Good job. I'll merge this soon.

But it would be nice if you/me could test this with some real-life programs. Like Wget, curl or Lynx if you're up for it. I have private Watt-32 makefiles for all these. But for Watt-32 on Windows. I'm in no position to run djgpp on a DOS/Win-XP PC or an emulator. How do you run djgpp programs?

jwt27 commented 1 year ago

. It toggles the connection status flags, but why?

Again, a long time since I wrote that. Can't remember the rationale before running a test-program. Perhaps tests/pull-request-79.c?

I think you meant for that to handle the non-blocking connect. Don't really see what it would do otherwise. The 500ms daemon tick rate seems rather slow for that though, so I moved the logic to _sock_pending_connect(), which also makes sure SO_ERROR is set to something meaningful when SS_ISCONNECTING is cleared.

I copied that behavior here.

Good job. I'll merge this soon.

But it would be nice if you/me could test this with some real-life programs. Like Wget, curl or Lynx if you're up for it. I have private Watt-32 makefiles for all these. But for Watt-32 on Windows. I'm in no position to run djgpp on a DOS/Win-XP PC or an emulator. How do you run djgpp programs?

I cross-compile on Debian or Win7, and then wget the binaries from a DOS machine. If you could send me those makefiles, I'll see if I can get some of those programs running then. Thanks!

jwt27 commented 1 year ago

I got Lynx compiled but I'm not able to run it. Something about ncurses failing to initialize.

Wget (latest version) won't compile, throws a long list of errors.

gvanem commented 1 year ago

I got Lynx compiled but I'm not able to run it. Something about ncurses failing to initialize.

I'm using S-Lang in my home-brewed Makefile.Windows.
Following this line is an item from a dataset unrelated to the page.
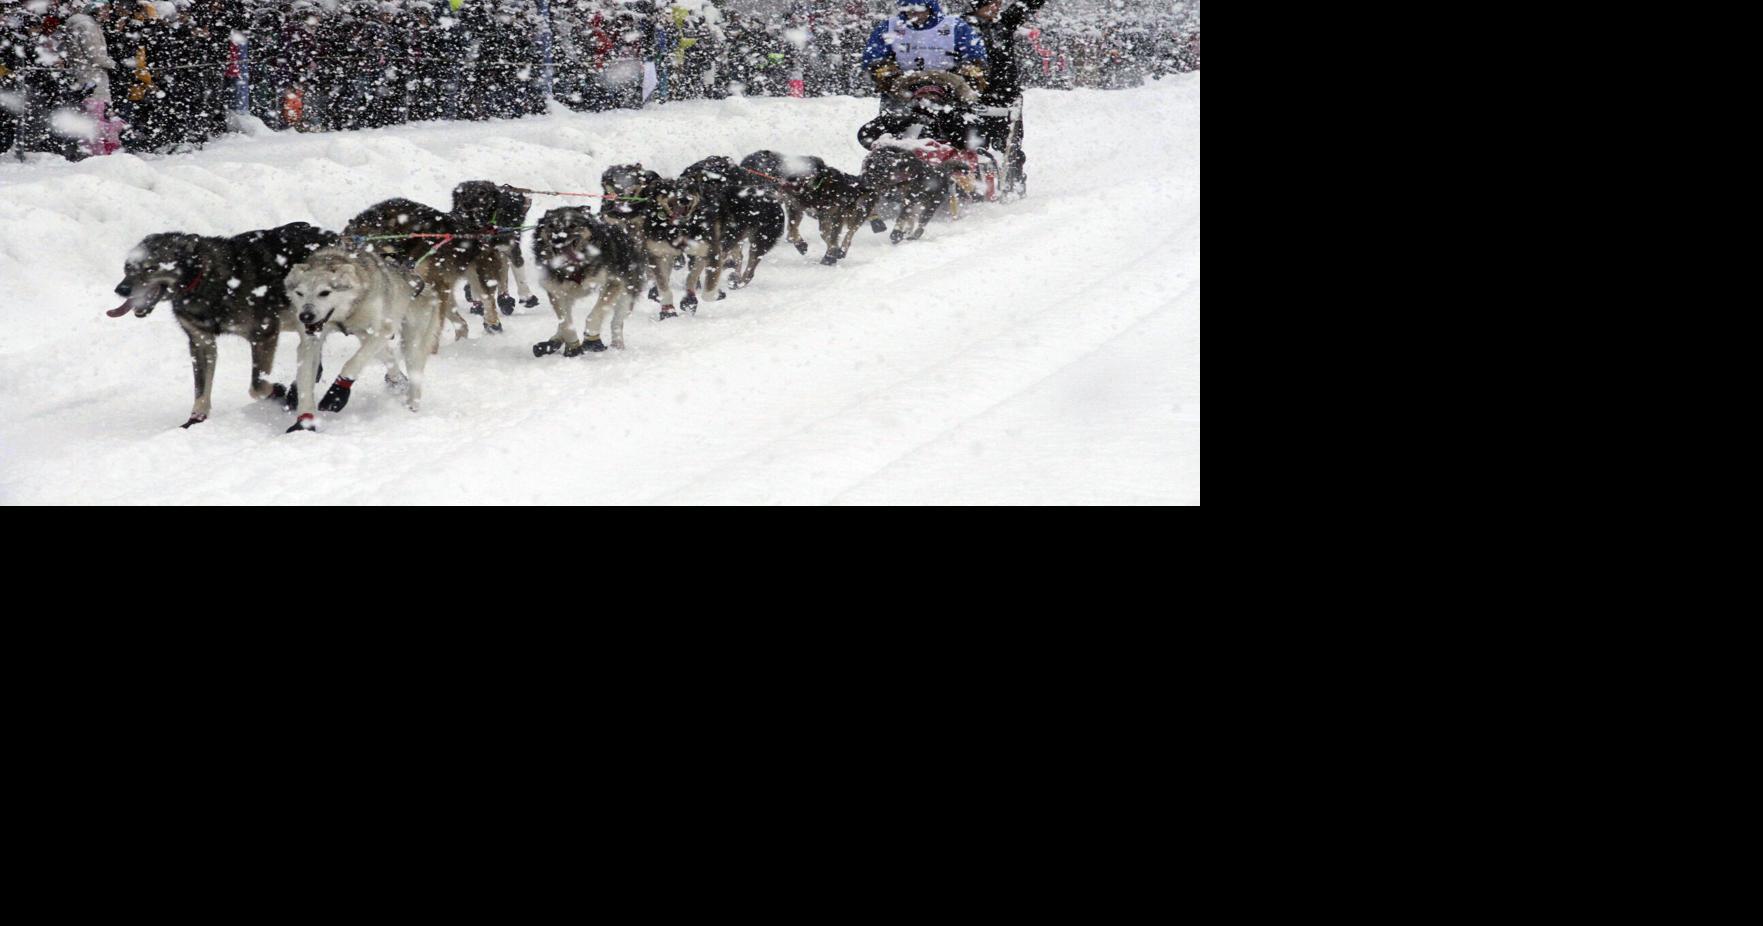 ‘A little scary’: Iditarod begins with smallest field ever

And Lynx/Watt-32 still works fine AFAICS.

And for curl, I use these Makefiles:

unzip curl-Watt-32.zip
cd lib
make -f Makefile.Windows USE_WATT32=1 
cd ..\src
make -f Makefile.Windows USE_WATT32=1 

But using it; curl.exe -v --wdebug www.watt-32.net, I get the error this PR tries to solve ...

As for Wget, I've added an old version of it here. For Windows, use:

cd bin\Wget.182
nmake -f makefile.vc6 clean all
wget_vc.exe --wdebug -d -r -np www.curl.se

But since OpenSSL is not built-in (it's possible), it's not very useful.
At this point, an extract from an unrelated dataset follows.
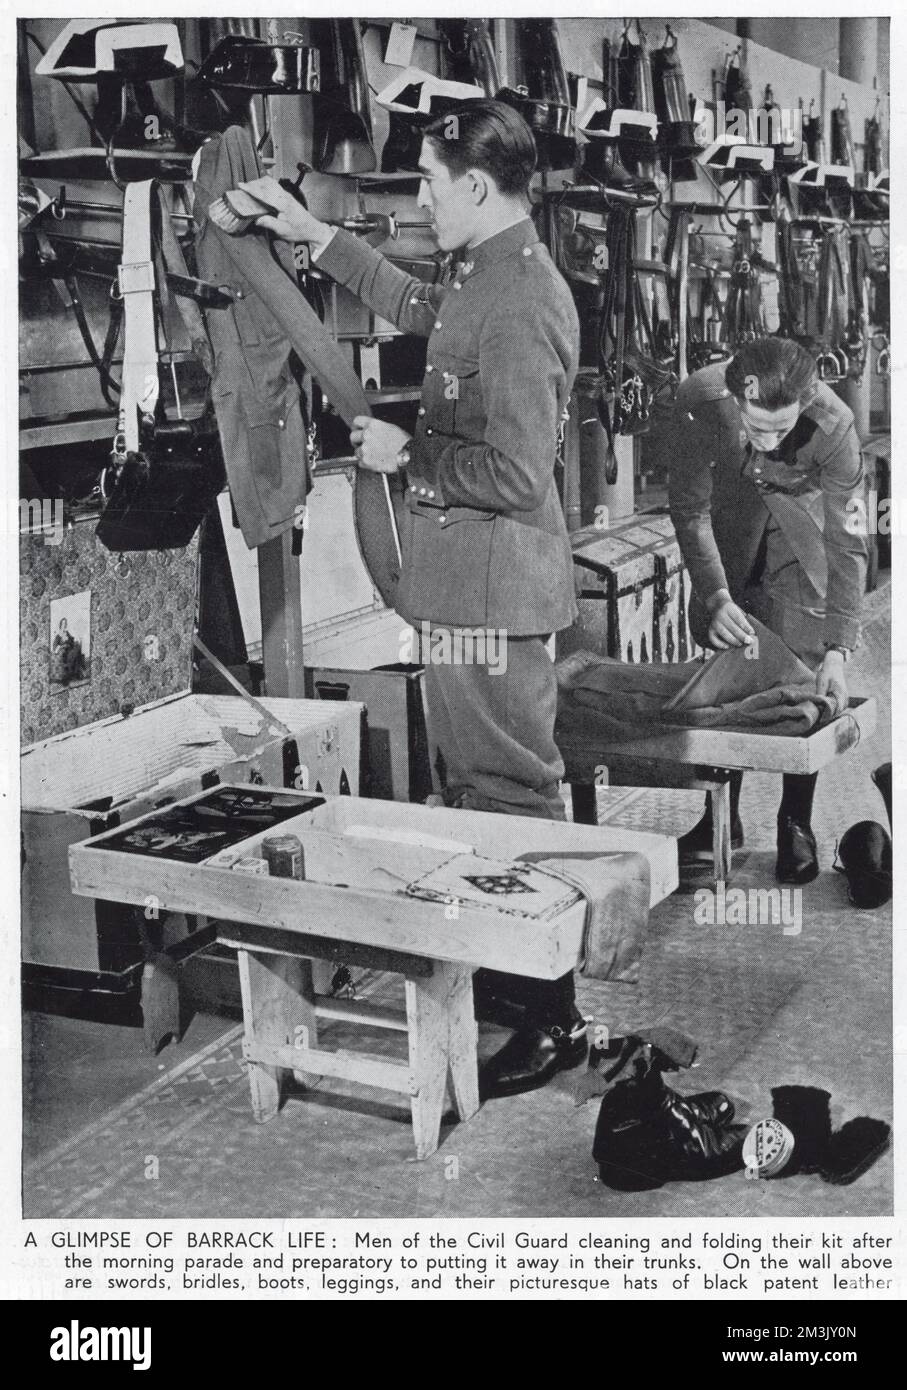 Photograph showing two Civil Guardsmen cleaning their kit in their barracks, Spain, 1936.   The Civil Guard were a cross between a military unit and a police force, who worked to maintain peace and order in Spain in both times of war and peace. The Civil Guard took an active role in the Spanish Civil War, with guardsmen serving both the Republicans and the Nationalists. Stock Photo

gvanem commented 1 year ago

I wrote> Good job. I'll merge this soon.

Merged and tested with Lynx, Curl and Wget 1.82. Seems to work fine still. libcurl works much better:

curl www.watt-32.net/index.html --remote-name
lynx -dump index.html
...
Watt-32 tcp/ip Homepage

Or from a bin/wget.182/makefile.vc6 build:

wget_vc.exe -d www.watt-32.net
lynx -dump index.html
...
Watt-32 tcp/ip Homepage
gvanem commented 1 year ago

Wget (latest version) won't compile, throws a long list of errors.

Presumably since the real <winsock*.h> messes things up. Using CFLAGS=-I$(WATT_ROOT)/inc/w32-fakes ... and adding -I$(WATT_ROOT)/inc ahead of Gnulib's headers could work.

jwt27 commented 1 year ago

Thanks for merging!

I got Lynx compiled but I'm not able to run it. Something about ncurses failing to initialize.

I'm using S-Lang in my home-brewed Makefile.Windows. And Lynx/Watt-32 still works fine AFAICS.

Just tried S-Lang but the latest version didn't want to compile for djgpp.

And for curl, I use these Makefiles:

What version do these apply to? I did get the latest version to build (just with configure). Seems to work but it's extremely slow (3KB/s).

Wget (latest version) won't compile, throws a long list of errors.

Presumably since the real <winsock*.h> messes things up. Using CFLAGS=-I$(WATT_ROOT)/inc/w32-fakes ... and adding -I$(WATT_ROOT)/inc ahead of Gnulib's headers could work.

Doesn't seem to be Watt-related, it's just not compatible with djgpp ("please port gnulib to your platform" etc). I see there is an msdos/config.h file now but I'm not sure how to use it in a cross compile.